By Brent Schillinger, M.D.
Palm Beach Post, Nov. 10, 2012
The airwaves, the Internet and newspapers have been loaded with a lot of seasonal advertising. This is not a reference to the political ads that until Election Day seemed to be bombarding us 24/7. I’m talking about the ads urging senior citizens to sign up for a Medicare Advantage program.
The period between Oct. 15 and Dec. 7 has been designated an open enrollment period for Medicare Advantage, which is basically the new name for what used to be known as Medicare HMO plans. Medicare Advantage is a marketing strategy, which suggests that seniors who stay with traditional Medicare are at a disadvantage.
When the legislation was signed into law by President George W. Bush, the Medicare Advantage programs were basically an experiment by the private health insurance companies to say, “The private sector can offer the same benefits as Medicare, only better — and the free market will prove it.”
The Medicare Rights Center, a senior advocacy group, takes a critical position: “The idea behind the plans is to provide better services and lower out-of-pocket costs. However, it doesn’t always work that way.

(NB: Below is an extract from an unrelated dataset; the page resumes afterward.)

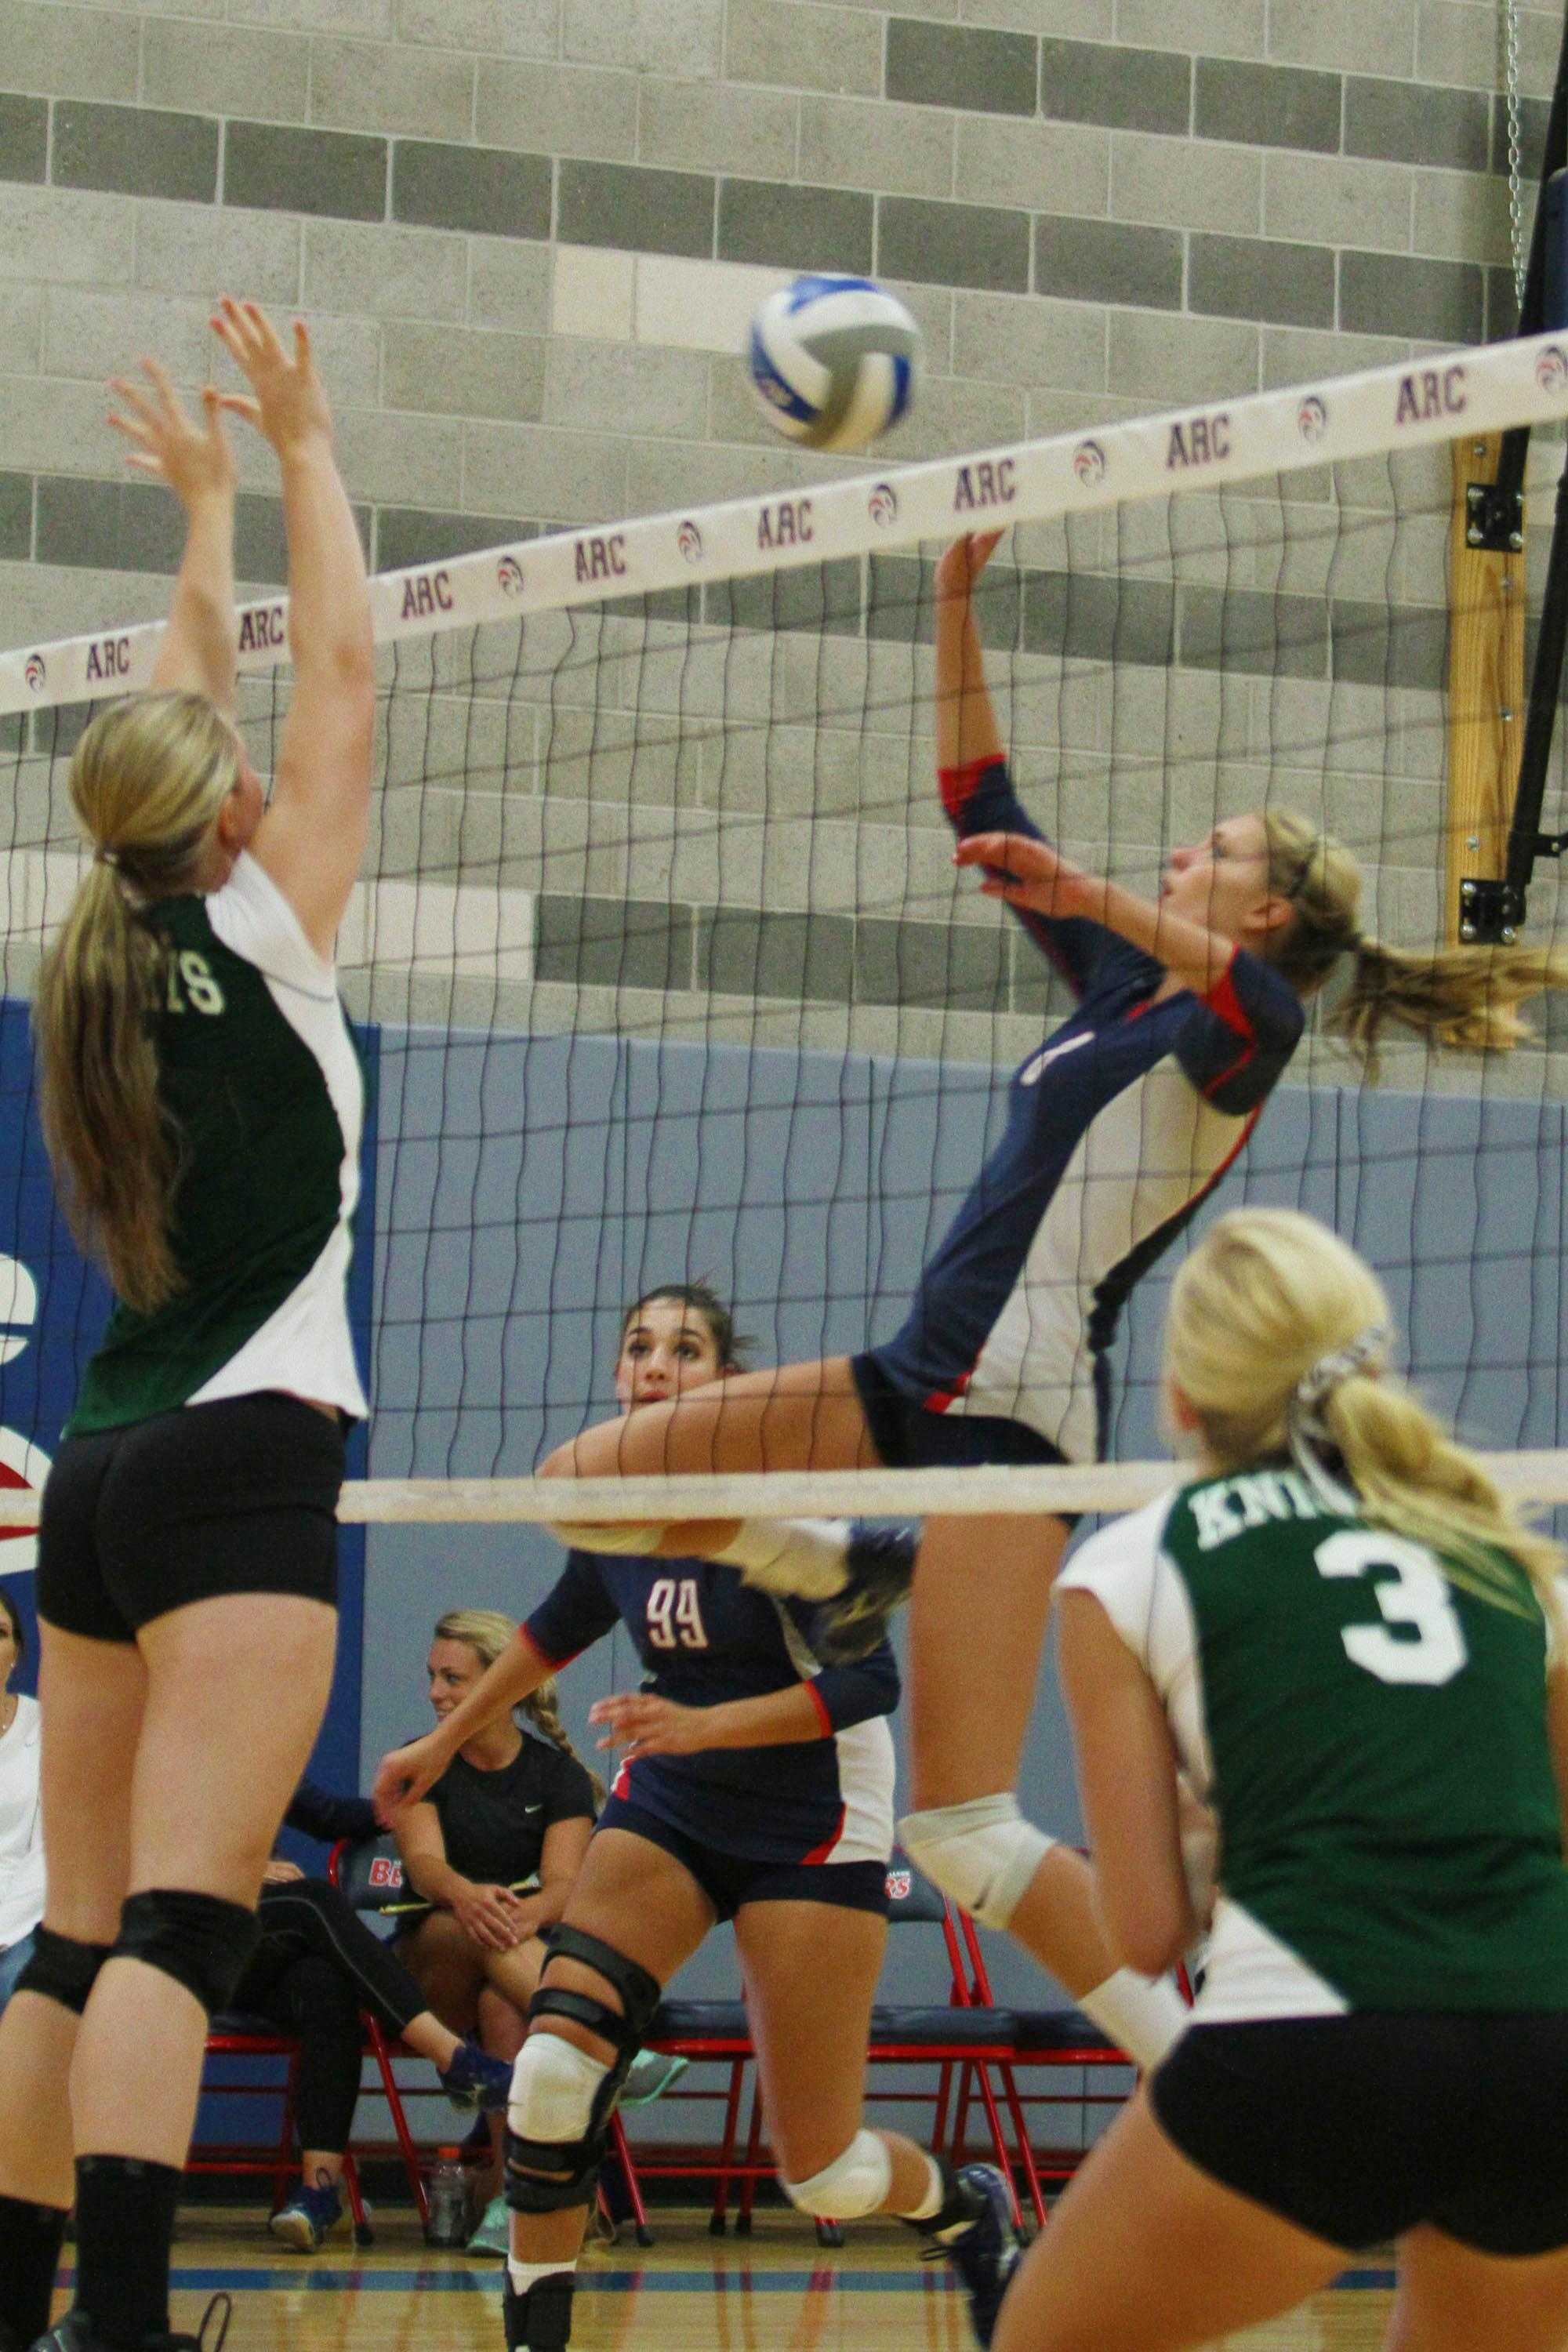 ARC dominates womens volleyball double header on Sept. 12
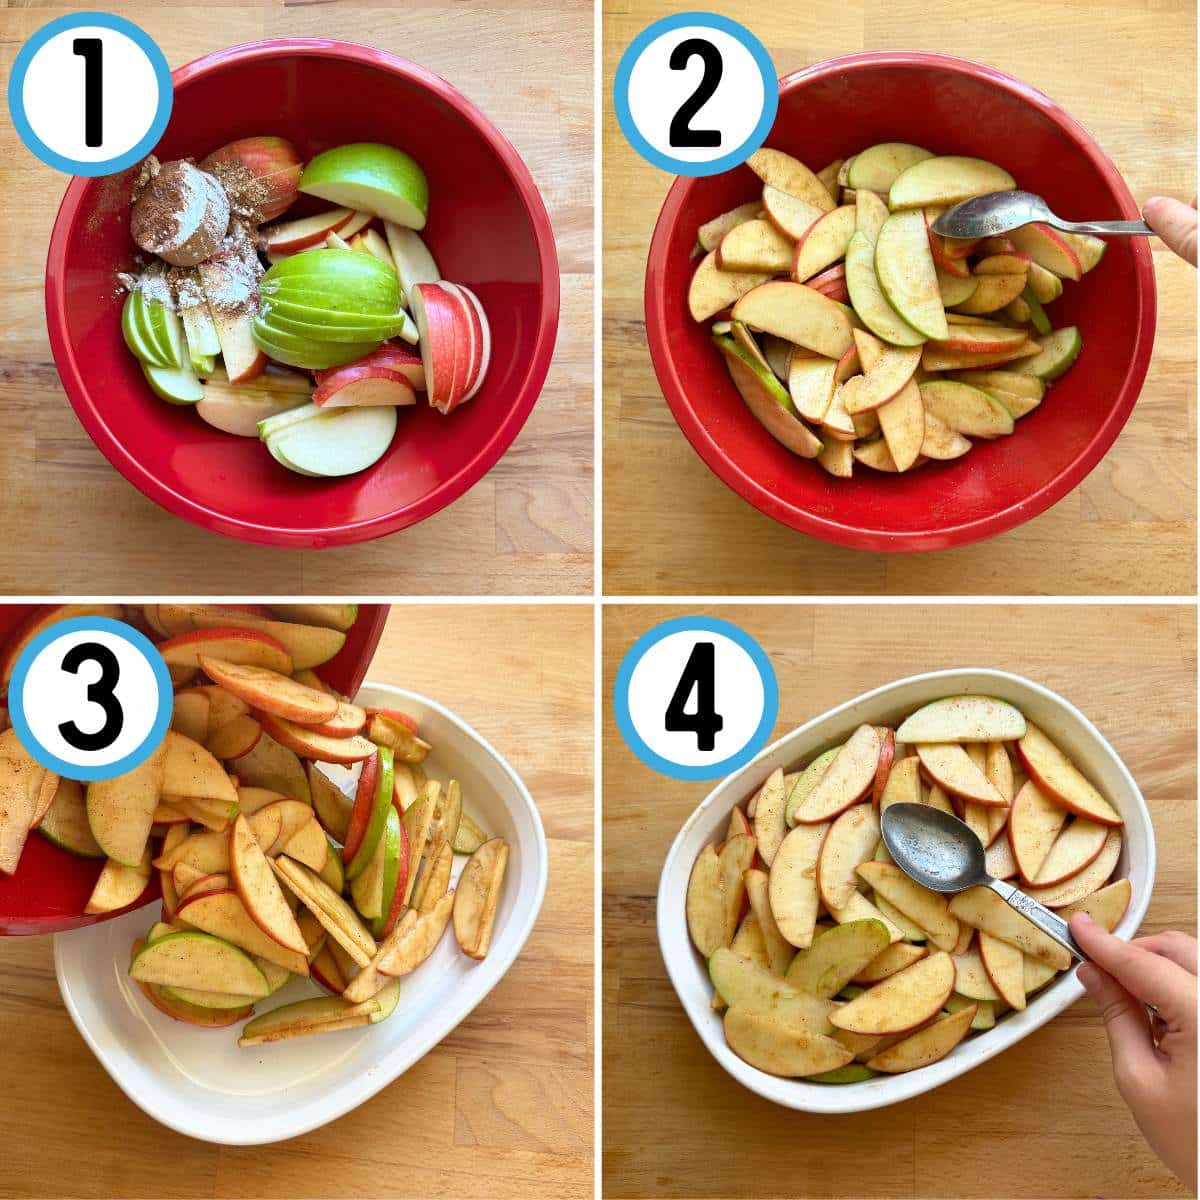 Step by step guide to making the apple filling. Step 1: Place all apple filling ingredients in a bowl. Step 2: Mix until thoroughly combined. Step 3: Place filling into a baking dish. Step 4: Spread  into an even layer with a spoon.

“While the plans must provide a benefit ‘package’ that is at least as good as original Medicare’s and cover everything Medicare covers, the plans do not have to cover every benefit in the same way. For example, plans may pay less for some benefits, like skilled nursing facility care, and offset this by offering lower co-payments for doctor visits.”
The Medicare Advantage patient may save a bit up front, but in order to maintain profits for the private insurers, the consumer must realize there is usually a sacrifice when it comes to choices that one would have had, had he or she remained in traditional Medicare. There is a whole host of potential problems, such as:
* Care can actually end up costing more, to the patient and the federal budget, than it would under original Medicare, particularly if one suffers from a very serious medical problem;
* Some private plans are not financially stable and may suddenly cease coverage;
* One may have difficulty getting emergency or urgent care, due to rationing
* The plans only cover certain doctors, they often drop providers without cause, and then the continuity of care is broken;
* Members have to follow plan rules to get covered care;
* There always are restrictions in the choices of doctors, hospitals, and other providers, again a form of rationing that keeps profits up for the insurance company bondholders but may limit patient choice;
* It can be difficult to get care away from home;
* The extra benefits offered can turn out to be less than promised;
* The Medicare Advantage plan may ration certain high-cost medications.
In spite of the obvious problems, Congress continued to barrel along, offering incentives and allowing accounting advantages to encourage enrollment in the Medicare Advantage experiment. A recent study published in the International Journal of Health Services calculates that the private insurers have drained over $200 billion in excess payments from the Medicare budget.
How did this happen? Under the funding mechanism, the private plans are paid, on average, 9 percent to 13 percent more than traditional Medicare programs to provide the same coverage. This legislation was a bonanza for the private insurers. So what we are left with are plans that are fraught with problems but are generating profits for the insurance industry. Other than the stockholders, who could argue that paying 9 percent to 13 percent more for the same thing is sound financial thinking?
Perhaps taxpayers need to question whether they should be financing an experiment that costs billions more than it would have if people had remained in traditional Medicare. The Affordable Care Act, known as Obamacare, takes some preliminary steps to fix this flawed reimbursement formula, but only time will tell how that will play out.
For the senior consumer as well as the practicing physician, it’s a confusing state of affairs. For the doctors, learn as much as you can about the options. For the patients, start by speaking with your physician. He or she should be able to guide you in the best direction. For additional information visit www.pbcms.org.
Brent Schillinger, M.D., is president of the Palm Beach County Medical Society Services Foundation.